The is rate of incoming notifications at time t. The default granularity is MINUTE but results can be aggregated based on the granularity query parameter - e.g hourly incoming rate.

queue.notifications.processing

This is an estimation of the time in mSec that was used to process the notification. These values may become incorrect once we have late notifications.

Logs

Kill Bill is configured to output its internal logs as specified by the logback.xml configuration (See docs). The aviate plugin running on each node extracts important information from the logs and computes some metrics to highlight potential issues with warn and error logs that have happened through time.

Those metrics are computed per node. Additionally, the log metrics are all Meter metrics, and so they each provide different time series as specified by the Sample Kind listed above.

The following table lists these metrics:

Metric Name Description

logs.rates.warn

Represents warnings in logs

logs.rates.error

Represents errors in logs

Servlet Responses

Servlet metrics provide visibility into any of the endpoints exposed by the system, either from Kill Bill core (/1.0/kb) or any plugins exposing endpoints.

These metrics are computed per node. The servlet metrics are Meter metrics, so they each provide different time series as specified by the Sample Kind listed above.

The following table lists these metrics:

Metric Name Description

servlets.responses.ok

Represents successful responses.

servlets.responses.created

Represents created responses.

servlets.responses.badRequest

Represents bad request responses.

servlets.responses.noContent

Represents no content responses.

servlets.responses.notFound

Represents not found responses.

servlets.responses.serverError

Represents server error responses.

servlets.responses.other

Represents other responses.

Database Connection Pools

Kill Bill uses 3 different database connection pools: main, shiro, and osgi. main and shiro are internal connection pools within Kill Bill core. The osgi connection pool is used by the plugins running on top of the Kill Bill platform for any database calls.

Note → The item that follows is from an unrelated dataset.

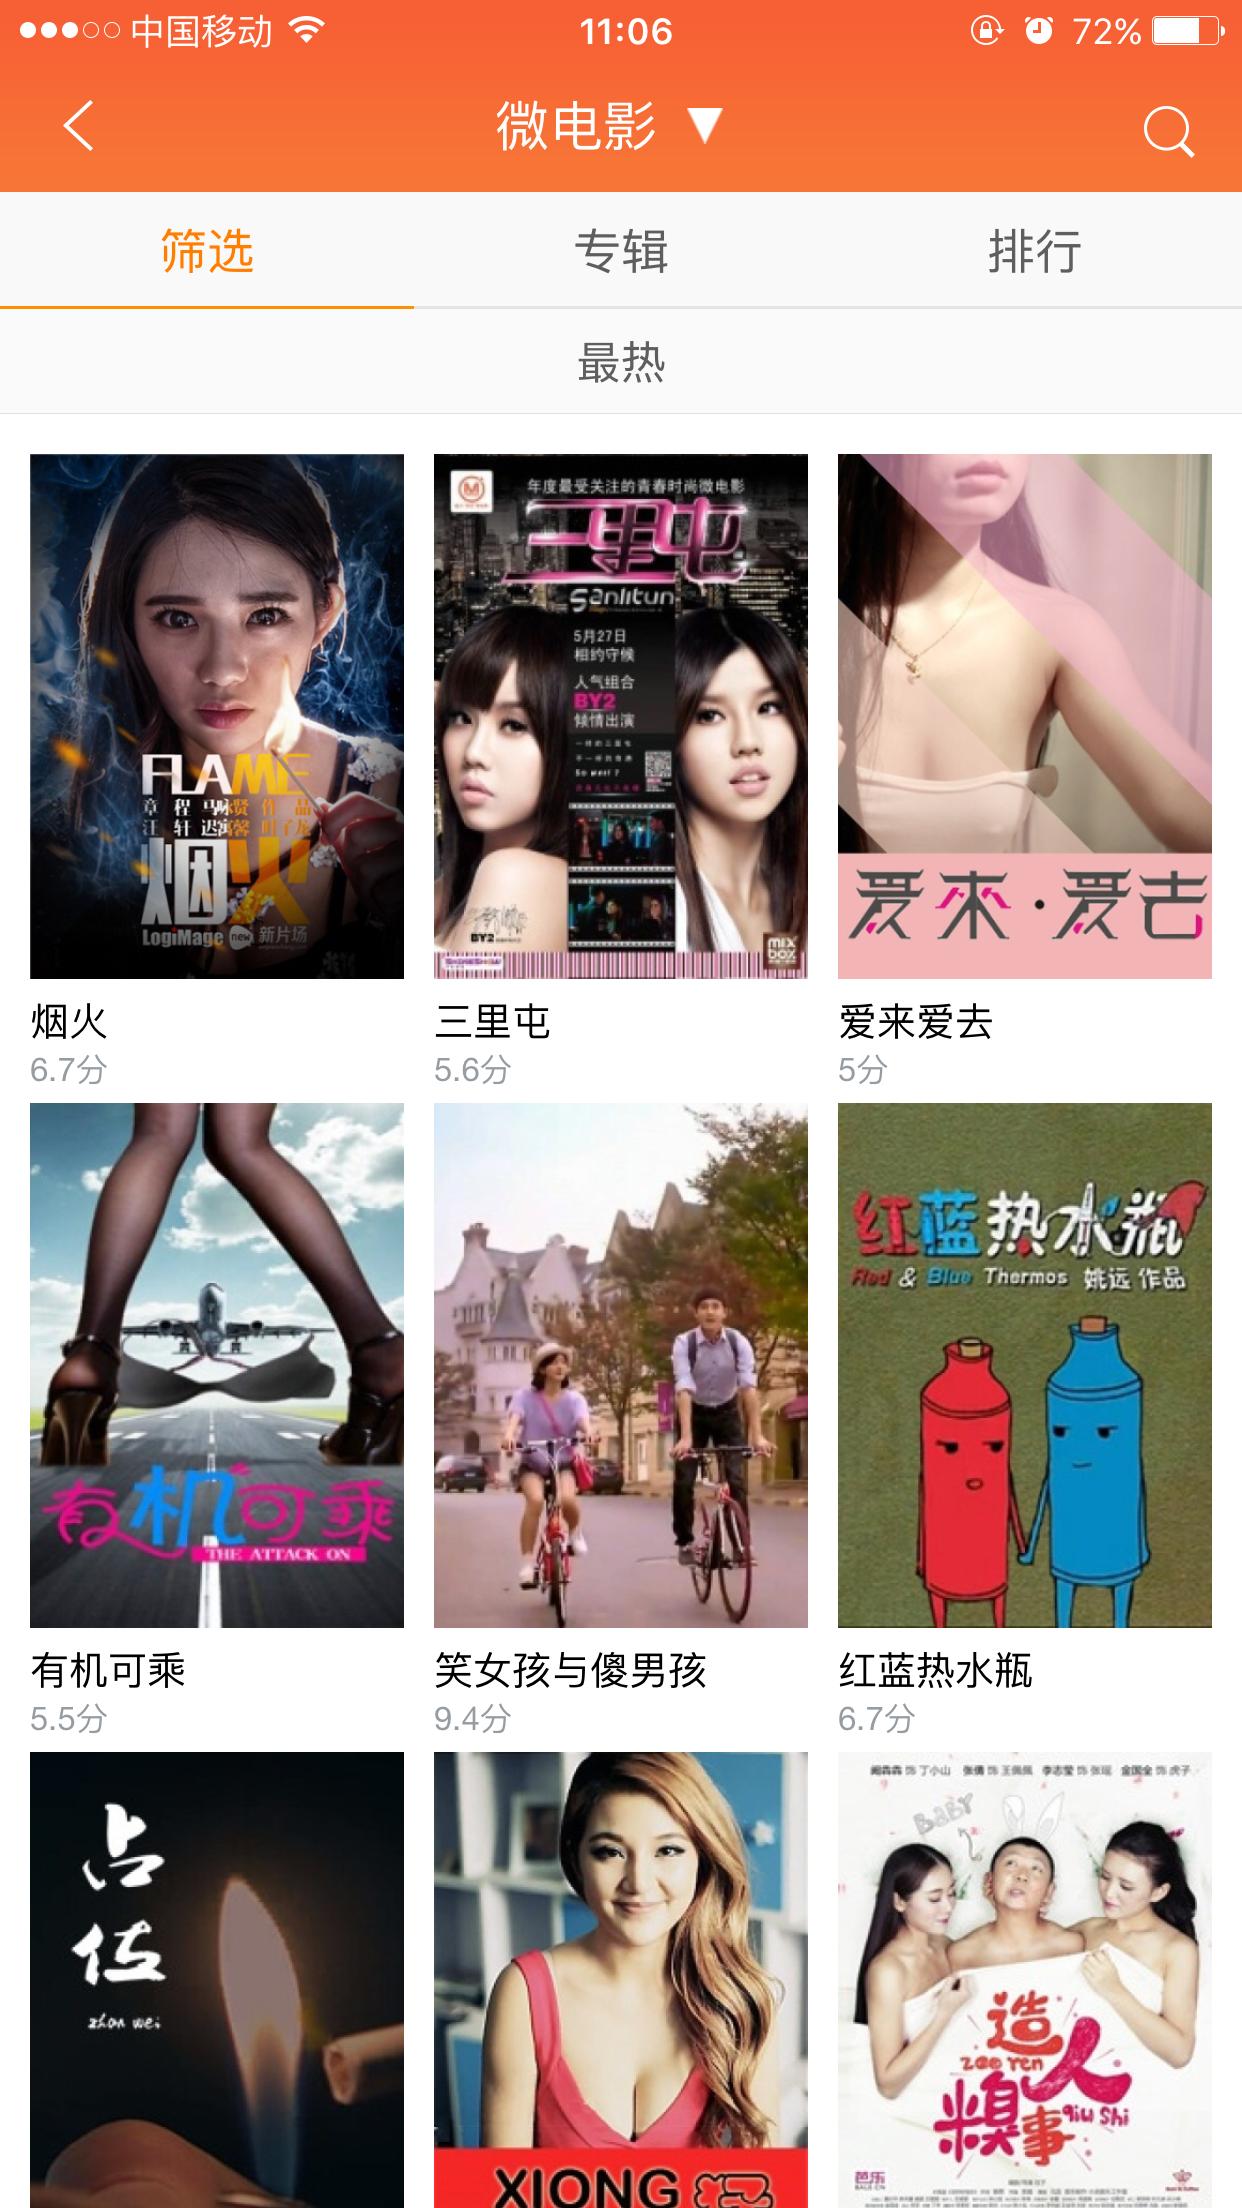 风行app微电影 烟火

The connection pool metrics are computed per node. The following metrics are Gauge metrics and so they return a single value:

Metric Name Description

main.pool.TotalConnections

Total (created) connections at time 't' for main pool

main.pool.ActiveConnections

Active (in use) connections at time 't' for main pool

main.pool.IdleConnections

Idle connections at time 't' for main pool

osgi.pool.TotalConnections

Total (created) connections at time 't' for osgi pool

osgi.pool.ActiveConnections

Active (in use) connections at time 't' for osgi pool

osgi.pool.IdleConnections

Idle connections at time 't' for osgi pool

shiro.pool.TotalConnections

Total (created) connections at time 't' for shiro pool

shiro.pool.ActiveConnections

Active (in use) connections at time 't' for shiro pool

shiro.pool.IdleConnections

Idle connections at time 't' for shiro pool

The following metrics are timer metrics and provide different data points for the sample kinds listed above:

Metric Name Description

main.pool.Wait

Wait time to get a connection from the pool.

osgi.pool.Wait

Wait time to get a connection from the pool.

shiro.pool.Wait

Wait time to get a connection from the pool.